• _REQUIREMENT_:
Without any pictures, retype exactly the lines that begin at the one holding "Women Face Portrait" and end at the last line of the data below.

++++ INFORMATION SUPPLIED ++++

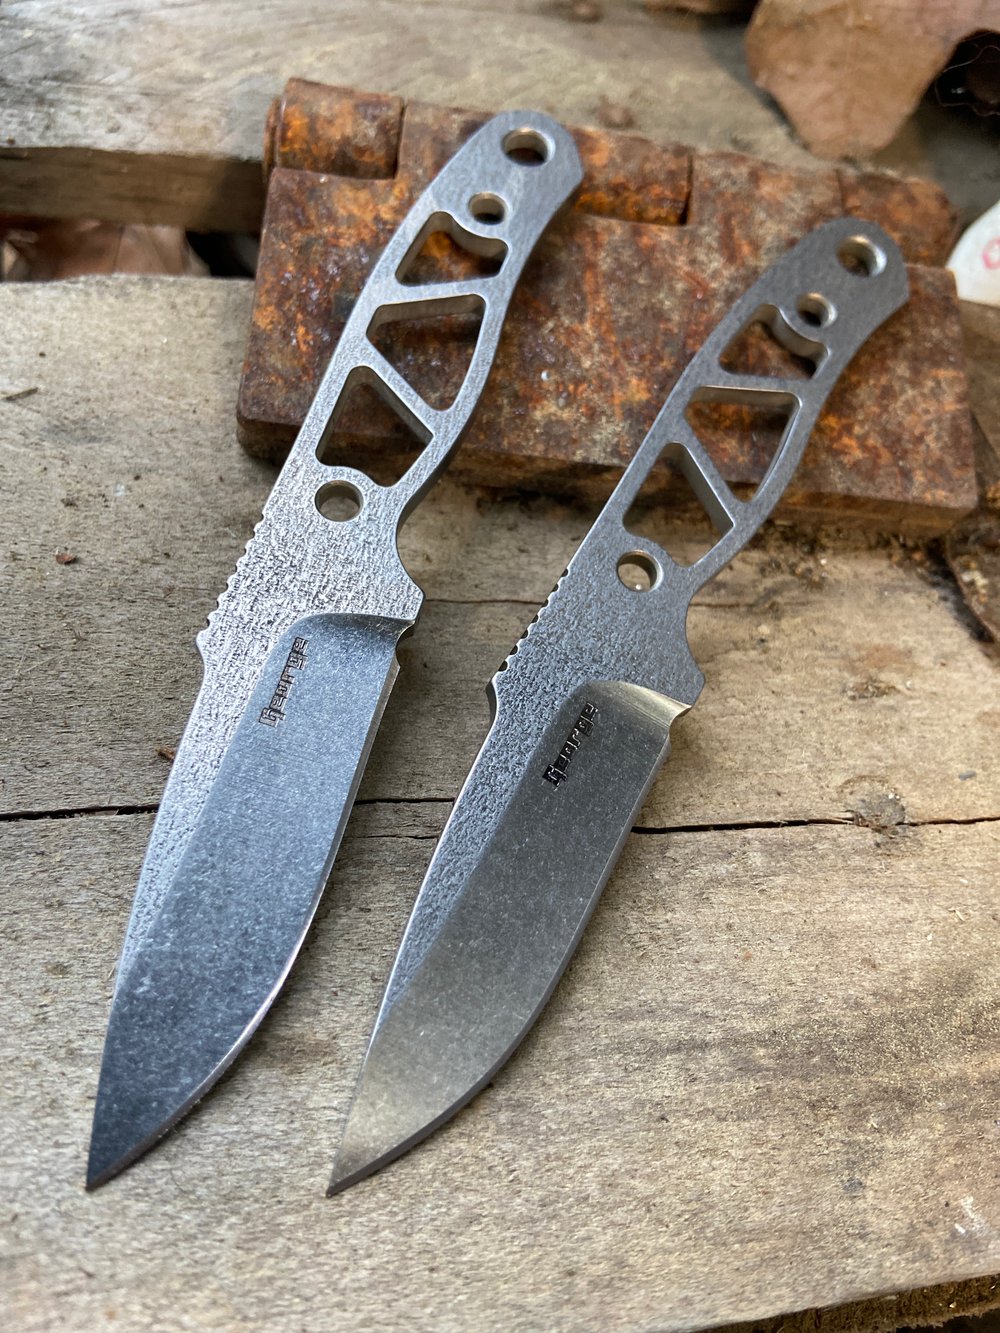 Little knives
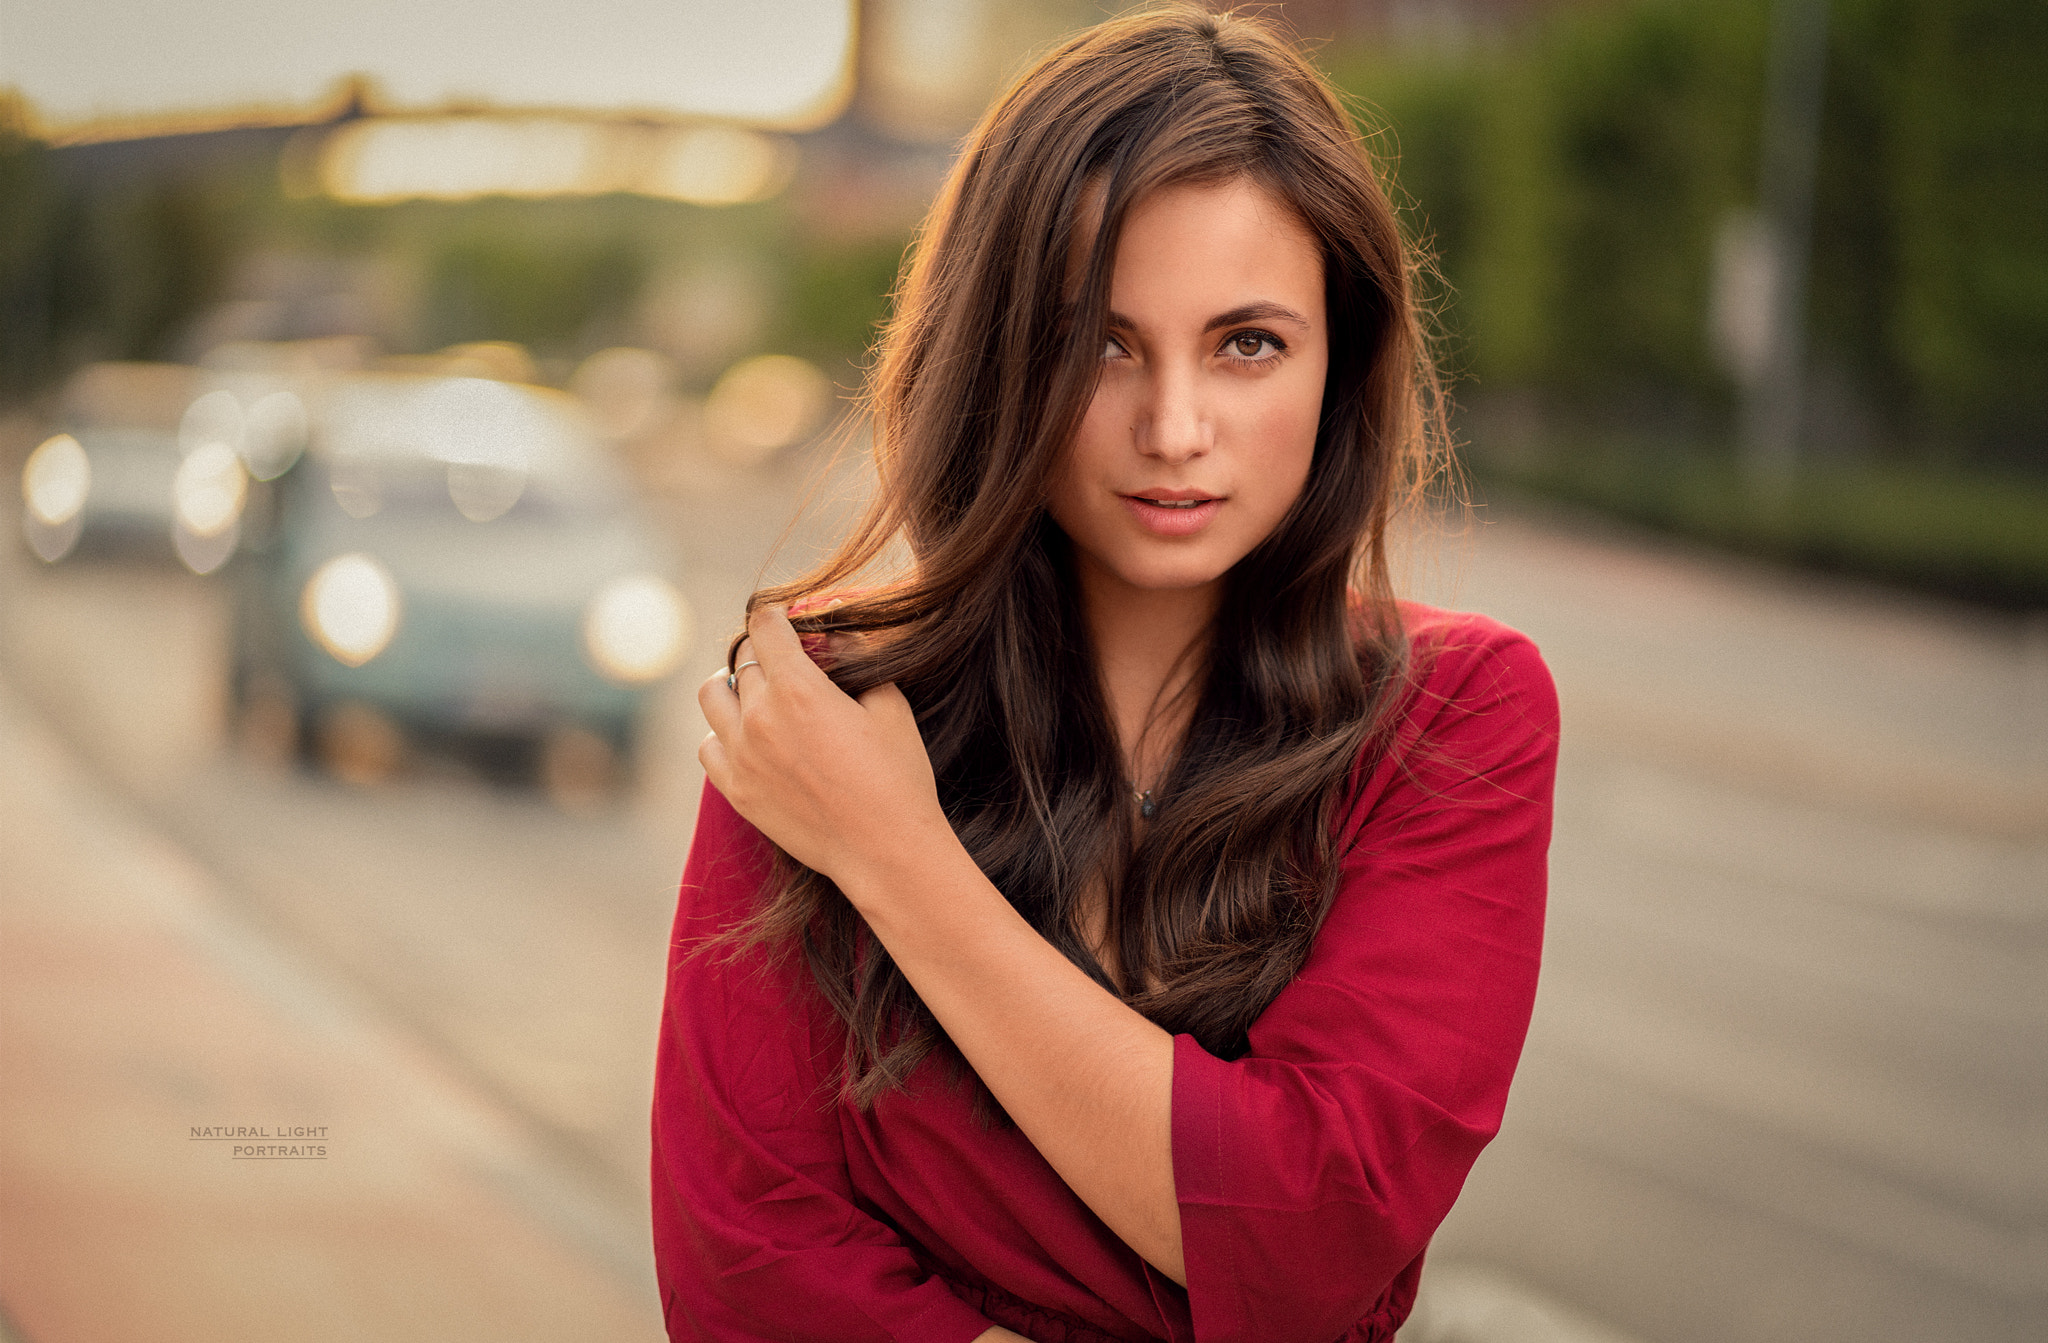 Women Face Portrait Women Outdoors Car Depth Of Field Brunette Red Tops Hands In Hair Robert Chrenka 2048x1343
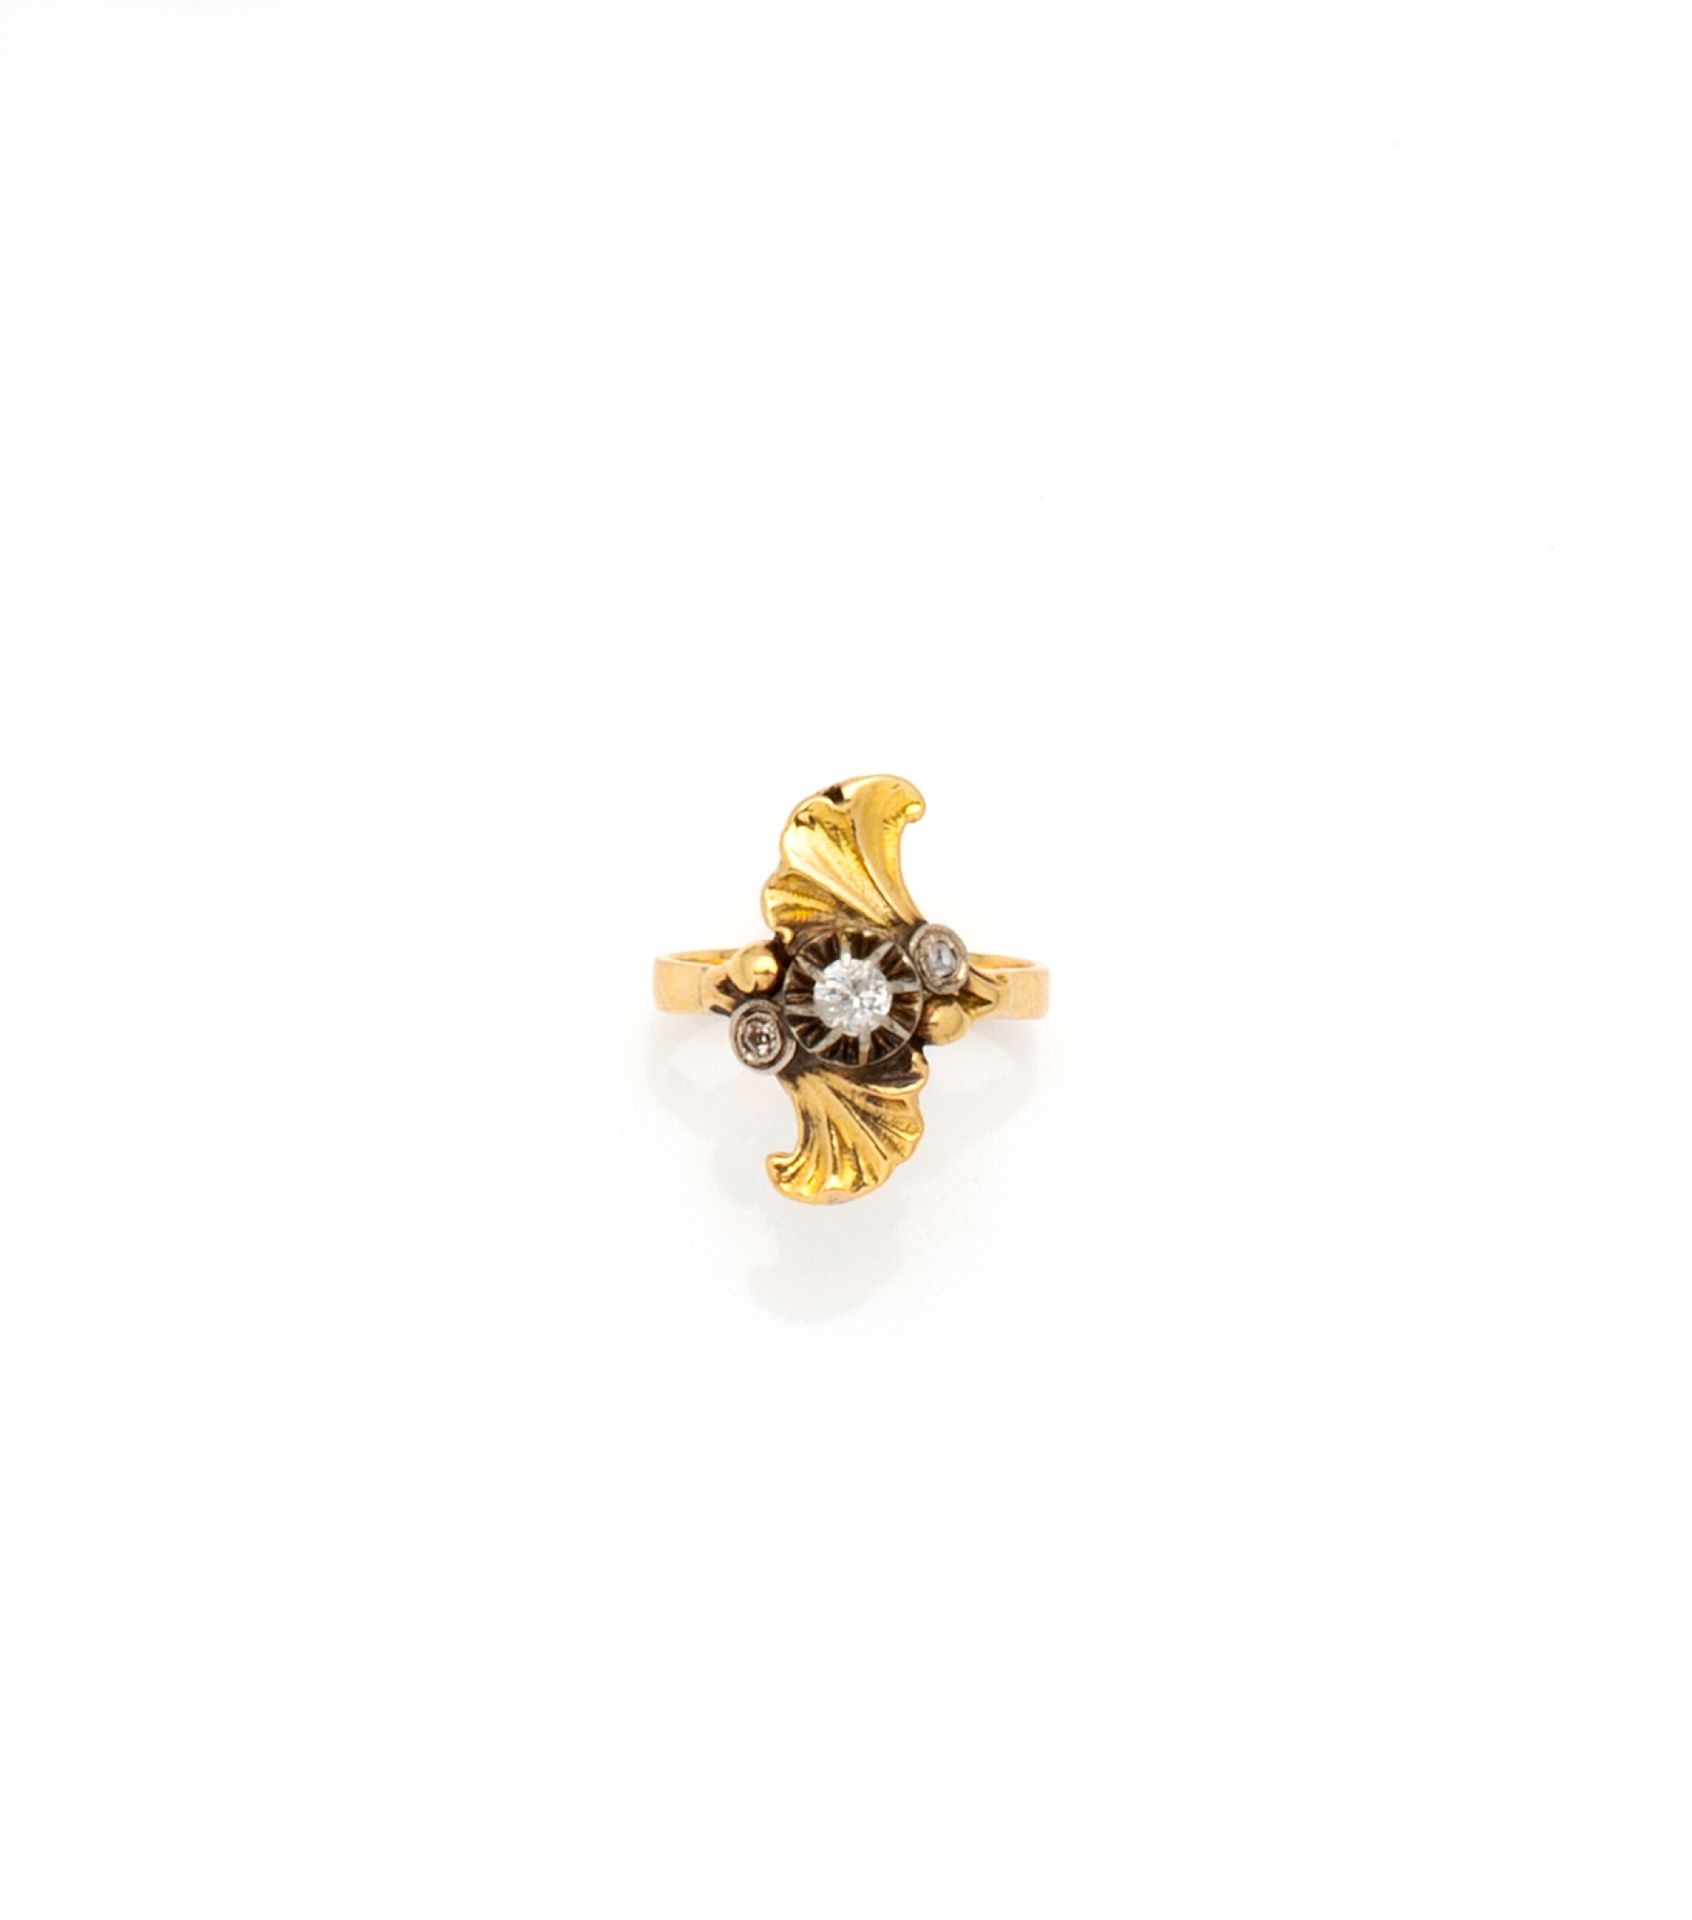 Null 一枚18K(750/1000)黄金戒指，上面有两片交叉的银杏叶子，中心是幻彩框中的老矿切割钻石，并由两颗封闭式切割的钻石支撑。

新艺术派的钻石作品。&hellip;

++++

• _YOUR RESPONSE_:
 Women Face Portrait Women Outdoors Car Depth Of Field Brunette Red Tops Hands In Hair Robert Chrenka 2048x1343
 Null 一枚18K(750/1000)黄金戒指，上面有两片交叉的银杏叶子，中心是幻彩框中的老矿切割钻石，并由两颗封闭式切割的钻石支撑。

新艺术派的钻石作品。&hellip;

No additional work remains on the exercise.